Two years on from the events in Wee Free Men, Tiffany Aching is ready for her witch training. With uncomfortable new boots on her feet, and her First, Second and Third Thoughts in her head she leaves her home on The Chalk to be apprenticed to a Miss Level in the mountains, a witch who has more than a split personality. Tiffany has some all-too-familiar growing up problems, like run-ins with other young witches-to-be. But she is also about to have have a big problem: the aeons-old entity that's waiting to take over her brain (and has done so to countless other brains before).
Tiffany has the help of the greatest witch in the land, Mistress Weatherwax. More dubiously, though, she's also being protected by the Nac Mac Feegle, the 6" tall, blue-skinned, red-haired, all-drinking, all-fighting all-cattle-rustling wee folk (aka Pictsies).
This report prepared by Marina Thonus
HarperCollins, Jun 2004, 16.99, 278 pp.
Eleven-year-old Tiffany Aching leaves the Chalk and her friends, the six-inch Nac Mac Feegle, to apprentice as a witch. Saying goodbye to Granny Aching was hard and departing from her Wee Free Men pals (at least her buddies when the Nac Mac Feegle are not drunk) is not easy, but service at her advanced age is expected. So though her parents are fooled as to whom she will work for, Tiffany leaves with Miss Tick to begin her training.
Unlike when she was young and immature, Tiffany as she enters adolescence has become aware of her looks. This attentiveness to her outer beauty makes her prone to attack from terrible beings. The hiver, a being that seeks out the potentially powerful by stealing control of the host's mind until the victim dies, sees Tiffany as a perfect lodging locale. The parasite begins the pre-occupation and occupation with only Nac Mac Feegle to try to rescue his young pal.

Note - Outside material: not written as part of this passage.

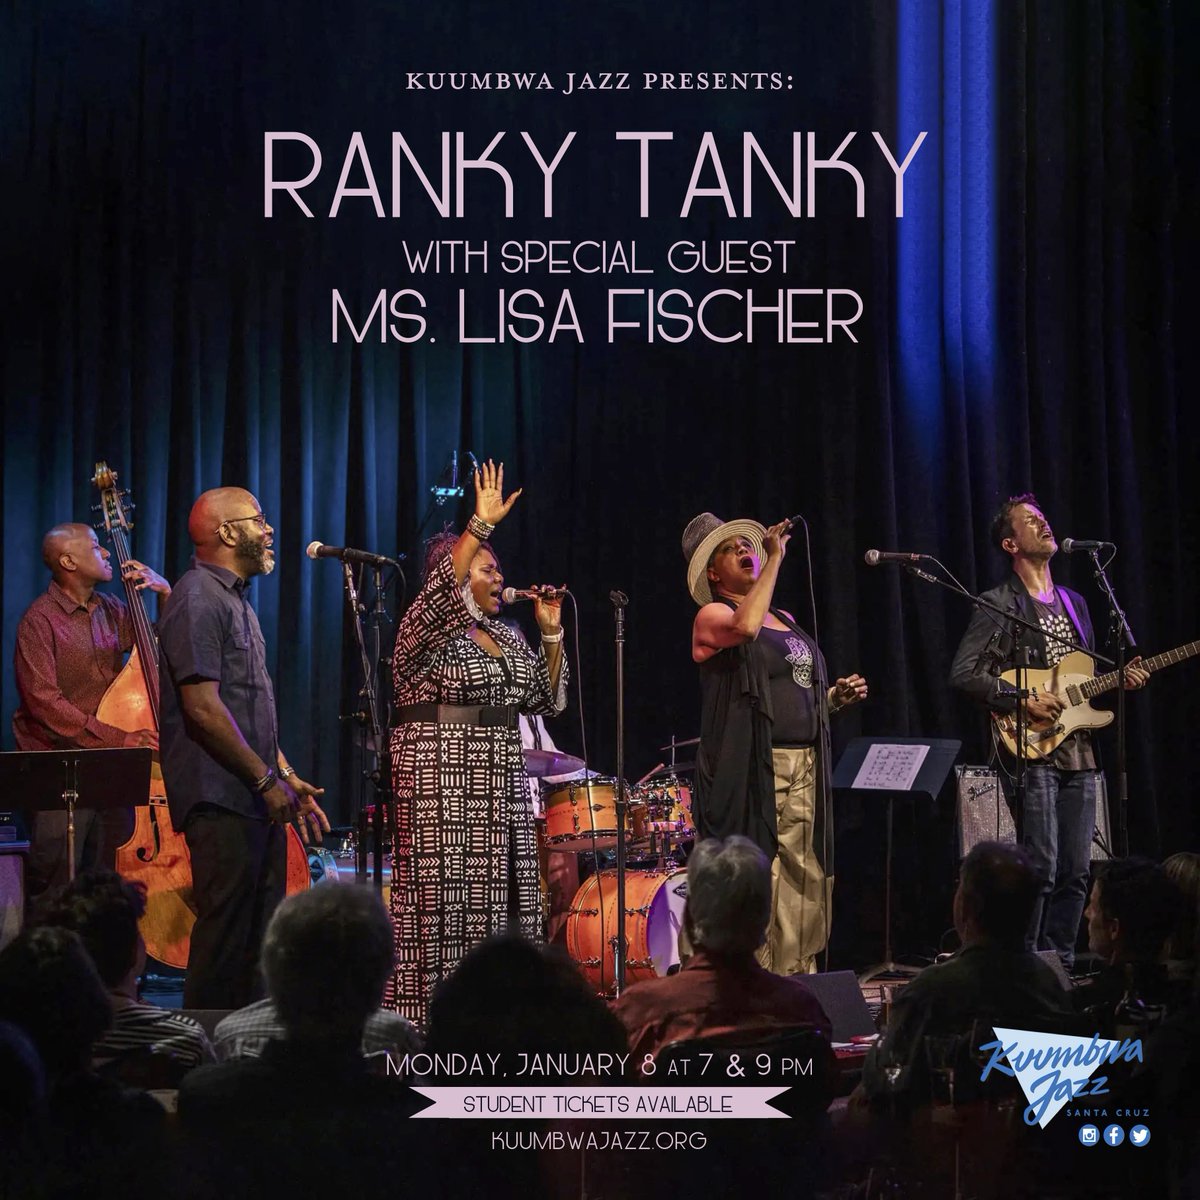 Join us for our first shows of 2024: @Ranky_Tanky with special guest @lisafischersing on Jan. 8th. The 7 PM show is already sold out and 9 PM tickets are going fast, so get yours today! 7 PM 🎟️🎟️: SOLD OUT 9 PM 🎟️🎟️: bit.ly/3rZbyKR #rankytanky #lisafischer #kuumbwajazz

The story line makes it clear that to find one's full self, one must accept flaws, blemishes, and foibles; not an easy task in a youthful beauty is best society. Tiffany and Nac Mac are terrific characters though they be inane at times and the hiver is as vile a villain as there is. A HAT FULL OF SKY is amusing, but though nutty, the plot never loses sight of the key underlying message while entertaining the author's vast universe of fans.